Purpose:
Penile defects may be caused by trauma, cancer surgeries, congenital anomalies and surgical complications. The treatment options for penile defects include: penile replantation, reconstruction and transplantation.
In this study we introduce an experimental model of penile allogenic transplantation based on neurovascular pedicle.
Methods:
42 adult male LEW (RT1l) and 6 adult male LBN (RT1l+n) rats weighing 200-300g were used in three experimental groups: Anatomic study (Group 1, n=6), isotransplantation (Group 2, n=24) and allotransplantation groups (Group 3, n=12).
In 6 LEW rats, the vascular anatomy of male rat perineal region was determined by anatomic dissections. The penile composite flap was created based on the corpus spongiosum, dorsal penile vein and dorsal penile nerves (Figure 1,2).
In order to reduce the morbidity and mortality of the recipient rats, instead of performing amputation of penis of the recipient rat, we have introduced modification of rerouting it into the scrotum. In 12 LEW rats, penile composite graft was transplanted as an isotransplant by microvascular anastomosis of the pedicle of the penis of the donor with the saphenous vessels of the recipient (Figure 3,4).
Figure 1. View of the isolated dorsal penile vein (DPV), and dorsal penile nerves (DPN) on the milimetric scale under operating microscope.
Figure 2. View of the isolated corpus spongiosum (CS) on the milimetric scale under operating microscope. (corpus cavernosum (CC), preputium(P)).
Figure 3. View of the anastomoses on the milimetric scale under operating microscope. (saphenous artery (SA), corpus spongiosum (CS), dorsal penile vein (DPV), saphenous vein (SV), dorsal penile nerve (DPN), lateral femoral cutaneous nerve (LFCN)).
In another 12 LEW rats, penile composite graft was transferred as a composite graft without vascular anastomosis. In the third part of the study, penis composite graft was transplanted across MHC barrier between LBN donors and LEW recipients under tapered dose of CsA immunotherapy. Graft survival was monitored by daily observations, somatosensory evoked potentials, histological examination and microangiography to assess transplant viability.
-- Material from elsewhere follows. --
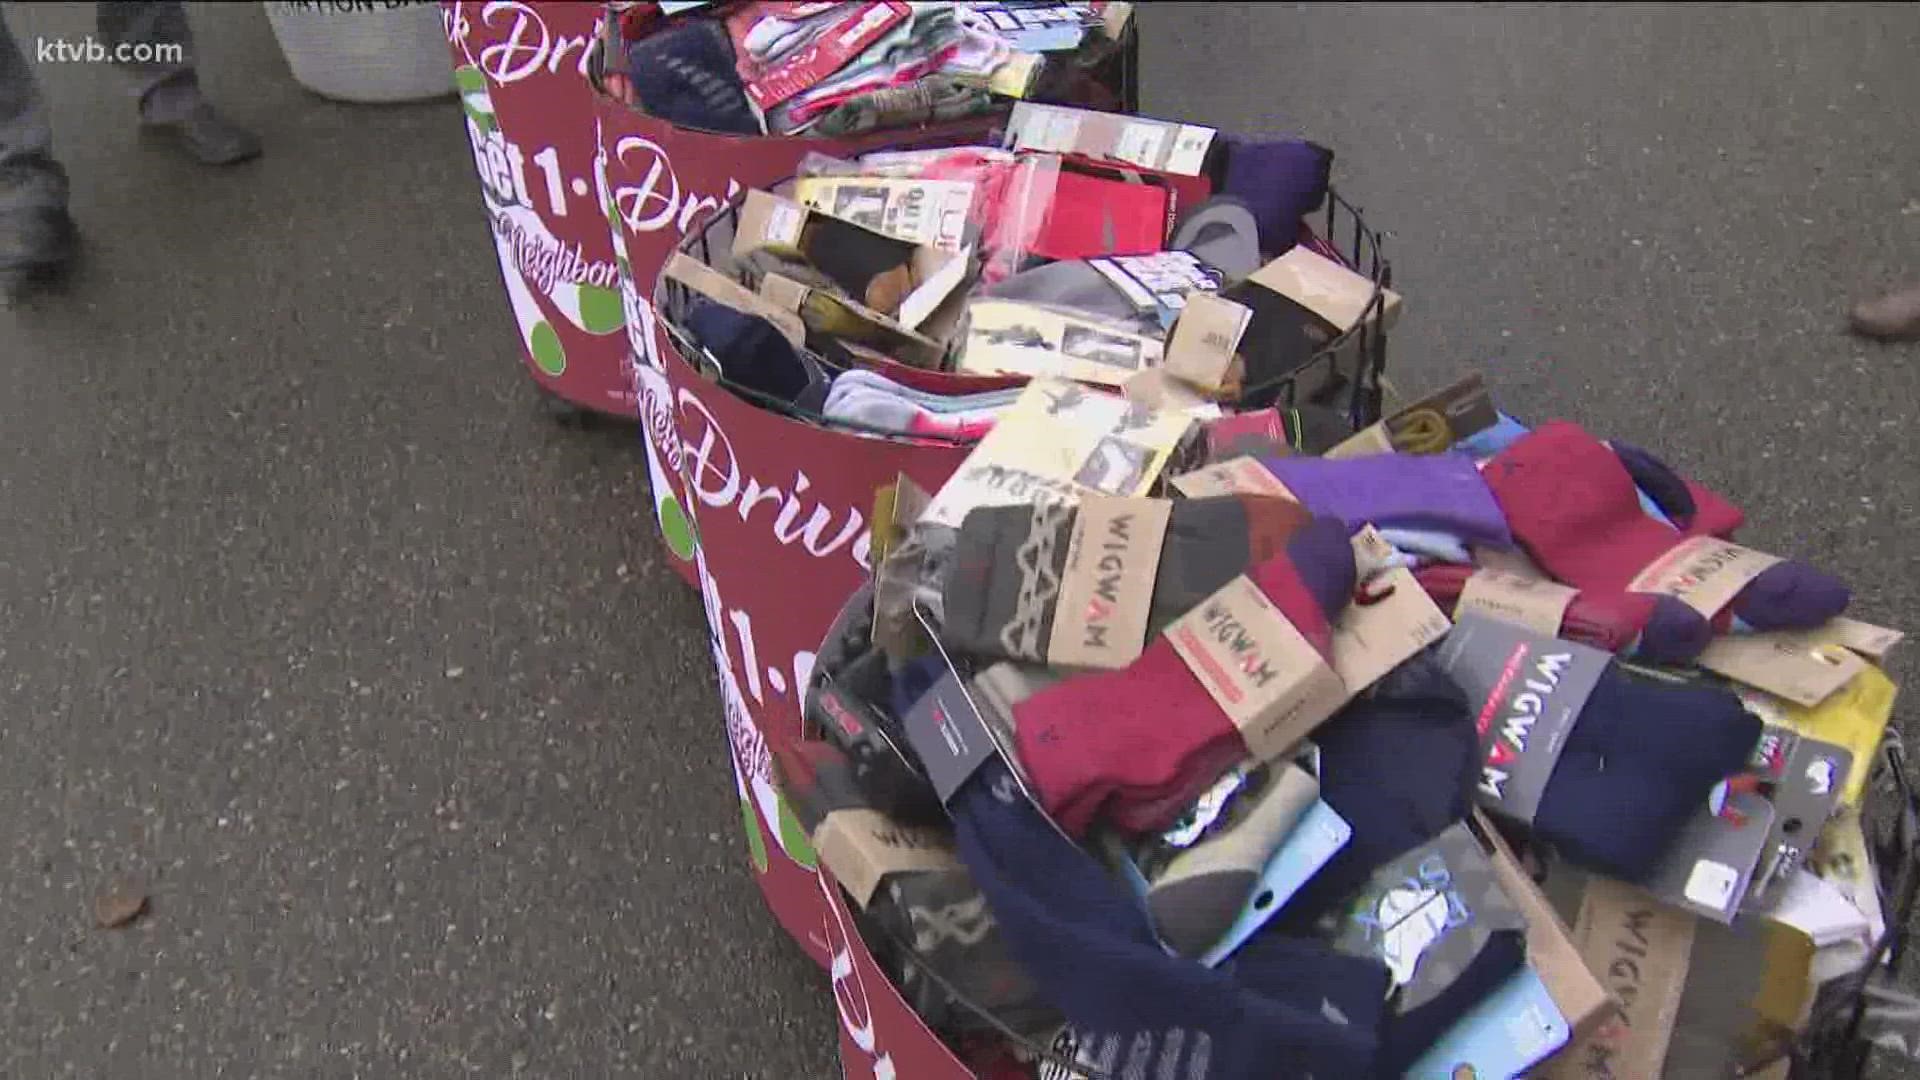 McU Sports and Mix106 teamed up with Rescue Mission to donate more than 2000 pairs of socks to people experiencing homelessness
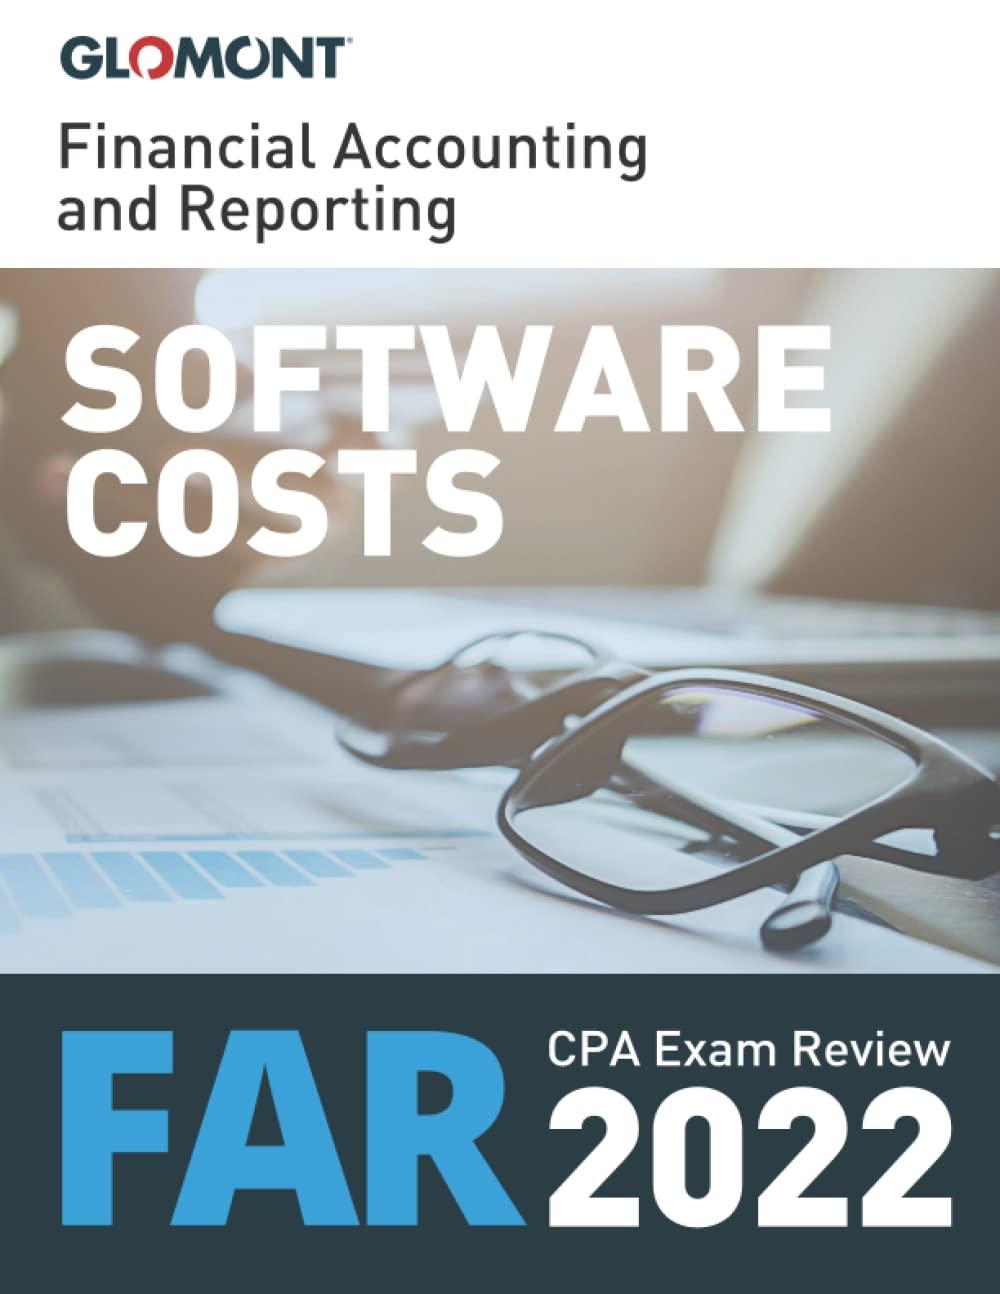 glomont cpa exam review financial accounting and reporting software costs 2022nd edition glomont 0999358154,

Figure 4. Drawing of the design of the transplantation procedure.
Results:
All vascularized isotransplants and allotransplants survived without signs of acute or chronic rejection over 200 days (still under observation) whereas all nonvascularized grafts underwent necrosis at 7 days post-transplant (Figure 5). Somatosensory evoke potential evaluation tests (SSEP) confirmed that starting at day 60 post-transplant, stimulation of the glans of the transplanted penis revealed cortical responses recorded in the somatosensory cortex of the recipient rat. Microangiographic evaluation of the transplanted penile tissues with lead oxide gelatin mixture demonstrated well preserved vascular territories of the transplanted penile allograft at 200 days post-transplant (Figure 6).
Histological evaluation confirmed that there were no signs of rejection at post-transplant day 200. Besides it was observed on the histological slides that the artery of the urethral bulb, cavernous structures of the corpus spongiosum, the dorsal penile arteries and the other small arterial branches were filled with the lead oxide gelatin mixture which was infused via intraarterial route (Figure 7).
Figure 5. Allotransplant on 200th post-transplant day (rerouted penis to the scrotum (p), penis allotransplant (pa)).
Figure 6. Allotransplant filled with intra arterial lead oxide-gelatin mixture (upper), and microangiographic view (lower). (saphenous artery (SA), corpus spongiosum (CS), dorsal penile vein (DPV), saphenous vein (SV), dorsal penile nerve (DPN).
Figure 7. Histological examination of the penile tissue allotransplant on the 200th post-transplant day. Note the dorsal penile arteries (DPA), artery of the urethral bulb (AUB) and cavernous structures of the corpus spongiosum (arrows) filled with leadoxide. (x10, H&E staining).(urethra (U), dorsal penile nerve (DPN)).
Conclusions:
This study confirmed feasibility of new penile allograft transplantation model. Long term survival without signs of rejection was achieved on tapered dose of Cyclosporin A monotherapy. The sensory function of penile transplant was confirmed by somatosensory evoked potentials. Finally, a new method of neurovascularization of penile transplant by direct artery-to-corpus spongiosum anastomosis was introduced.